Since this is my first attempt at getting zero-copy working, I wrote up a simple matrix multiplication example. 由于这是我首次尝试实现零拷贝工作,因此我编写了一个简单的矩阵乘法示例。 I first initialize my OpenCL objects:
我首先初始化我的OpenCL对象:
private void Initialize()
{
// get the intel integrated GPU
_integratedIntelGPUPlatform = ComputePlatform.Platforms.Where(n => n.Name.Contains("Intel")).First();
// create the compute context.
_context = new ComputeContext(
ComputeDeviceTypes.Gpu, // use the gpu
new ComputeContextPropertyList(_integratedIntelGPUPlatform), // use the intel openCL platform
null,
IntPtr.Zero);
// the command queue is the, well, queue of commands sent to the "device" (GPU)

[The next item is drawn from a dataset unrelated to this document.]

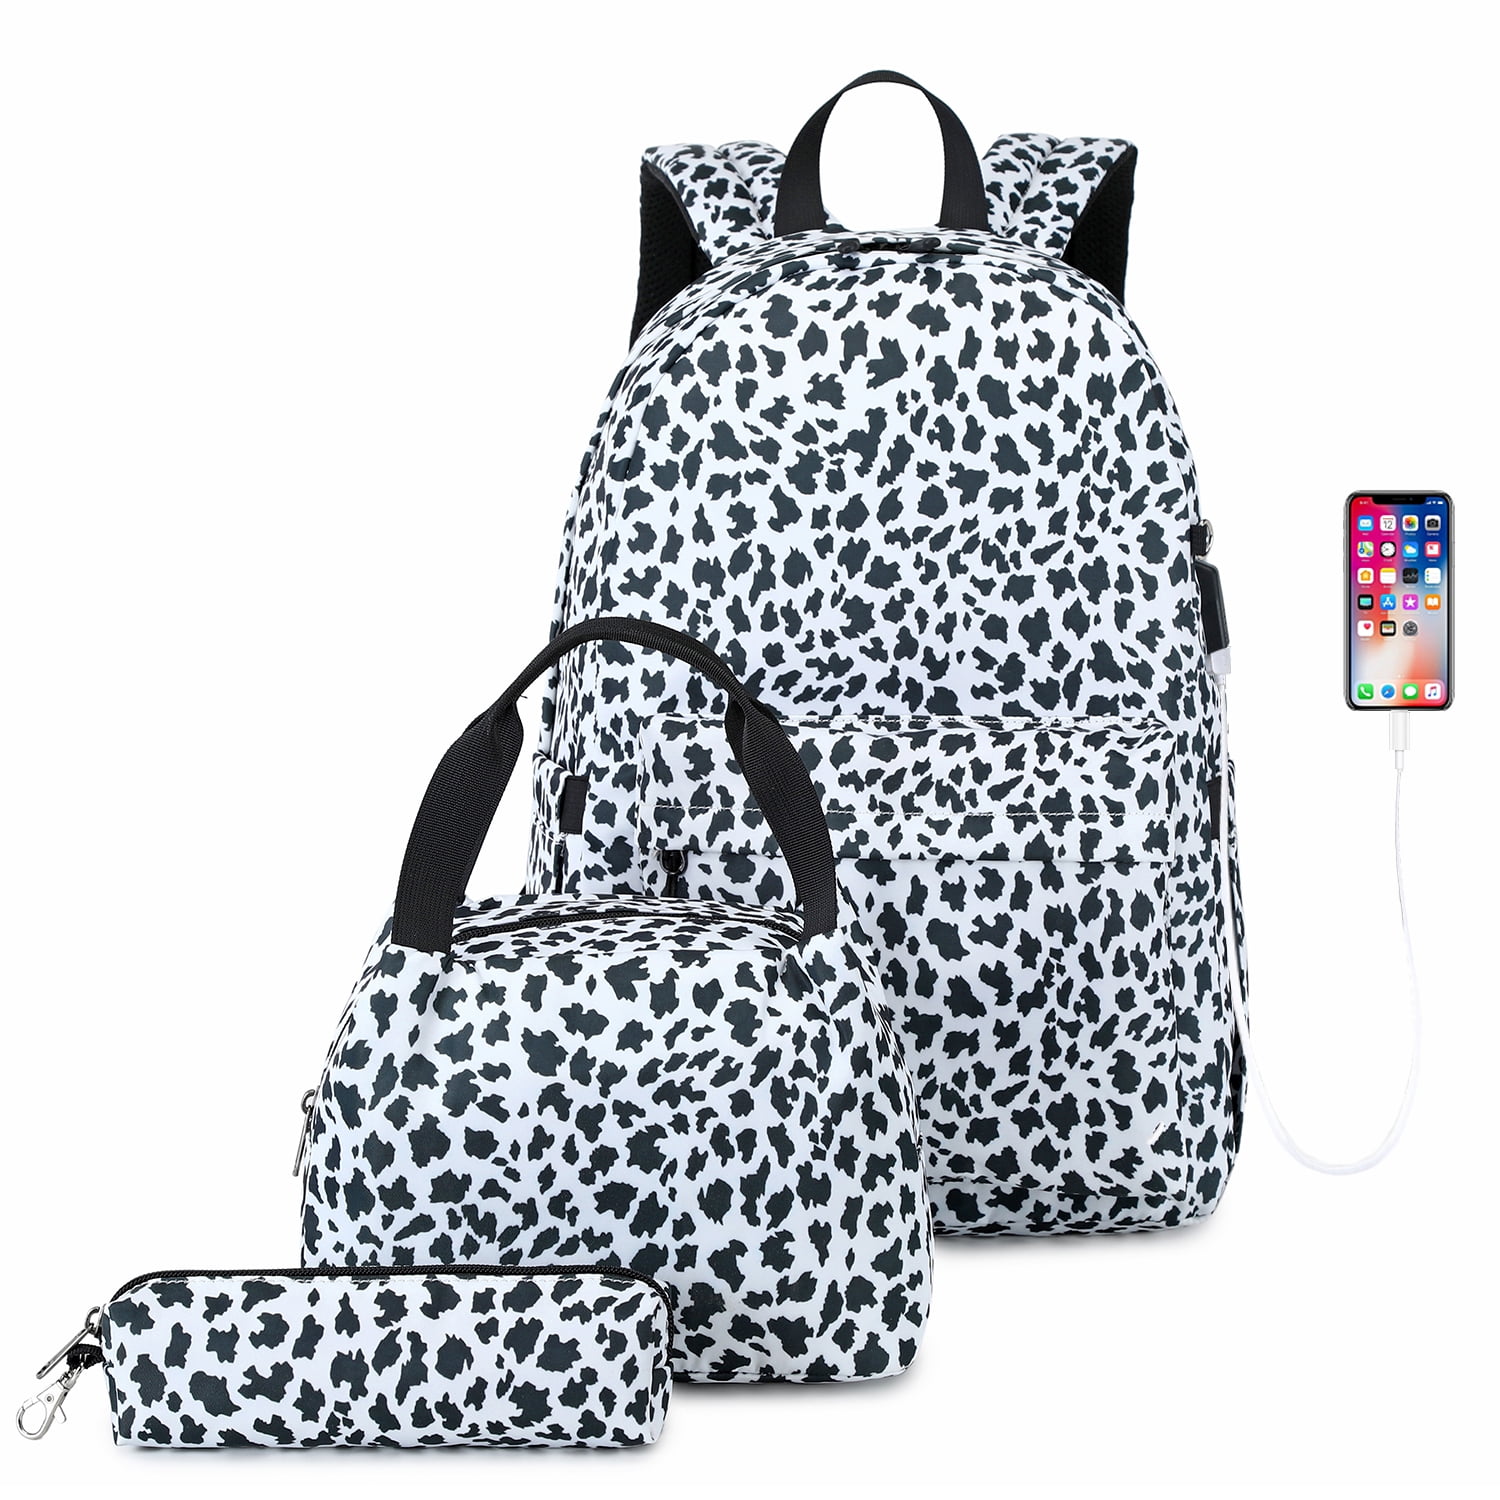 Girls Lunch Box Set/kids Leopard Backpack/girls 3 Pc Personalized
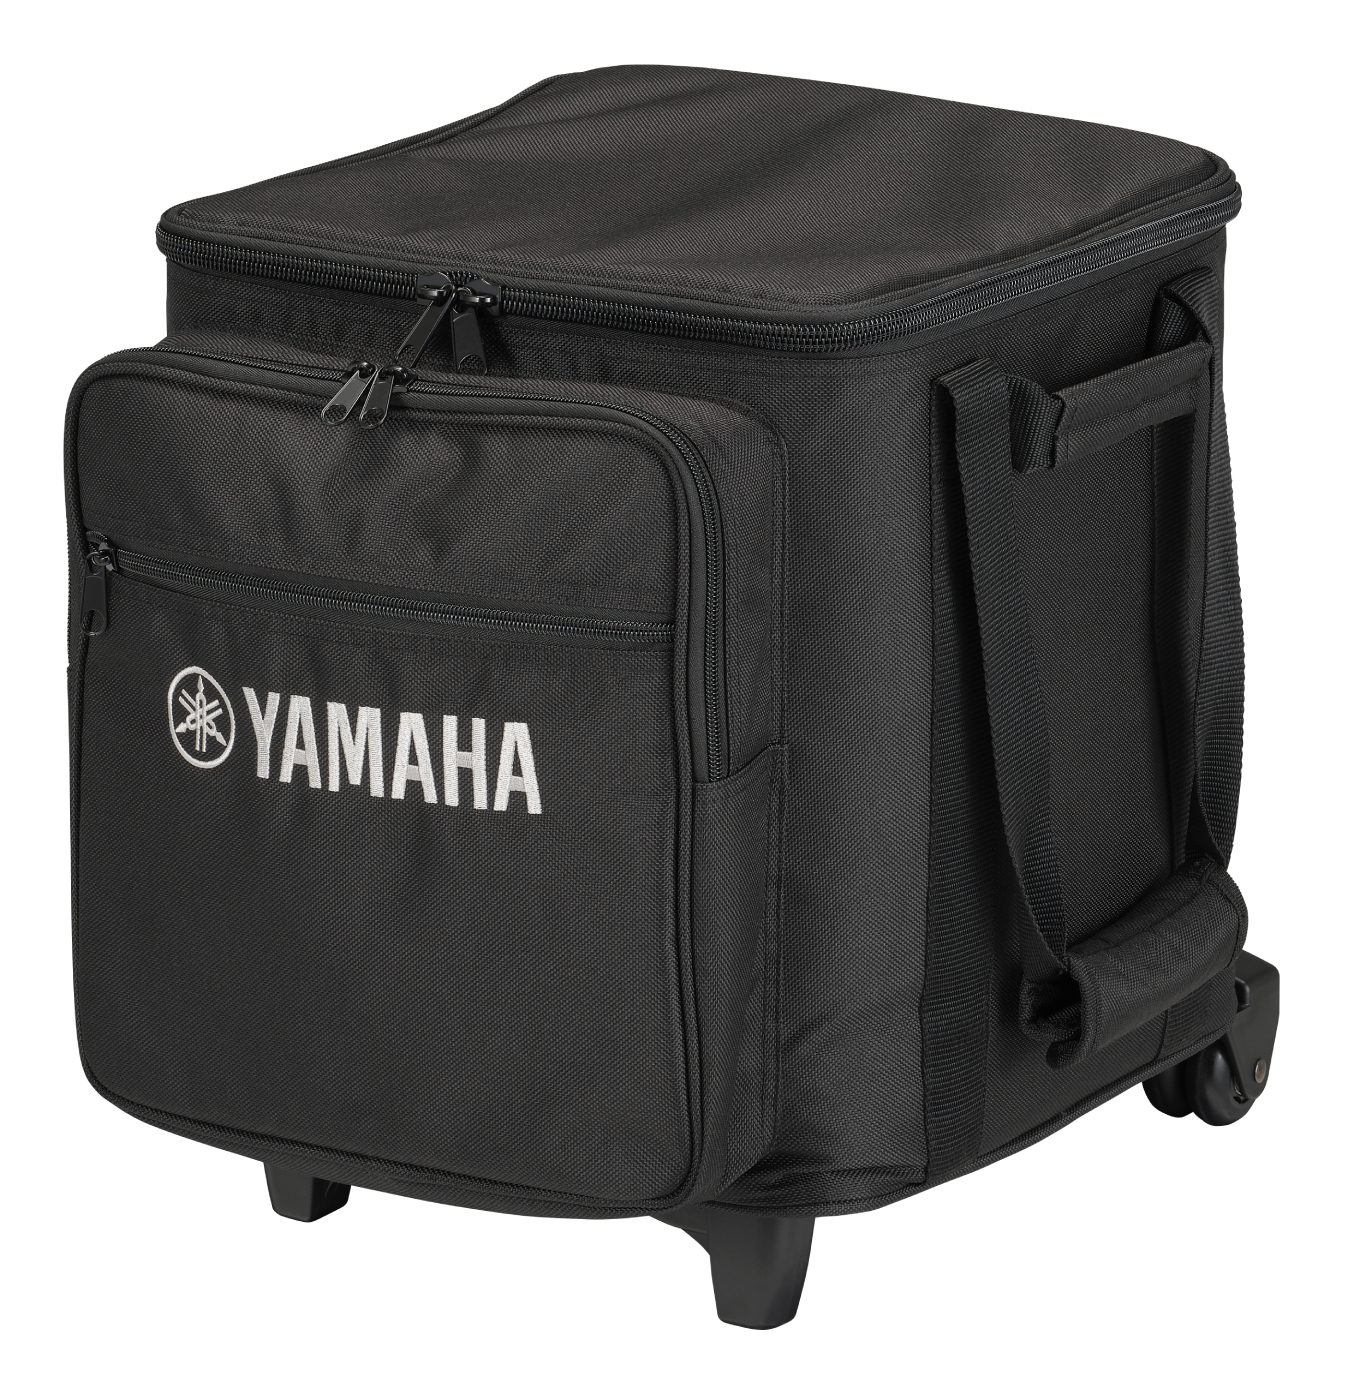 Yamaha Stagepas 200  + Valise Pour Stagepas 200 - Complete PA system - Variation 2

_commandQueue = new ComputeCommandQueue(
_context, // the compute context
_context.Devices[0], // first device matching the context specifications
ComputeCommandQueueFlags.None); // no special flags
string kernelSource = null;
using (StreamReader sr = new StreamReader("kernel.cl"))
{
kernelSource = sr.ReadToEnd();
}
// create the "program"
_program = new ComputeProgram(_context, new string[] { kernelSource });
// compile.
_program.Build(null, null, null, IntPtr.Zero);
_kernel = _program.CreateKernel("ComputeMatrix");
}
...this is only executed once if my code hasn't been initialized. ...这仅在我的代码尚未初始化的情况下执行一次。 Then I get into the main body.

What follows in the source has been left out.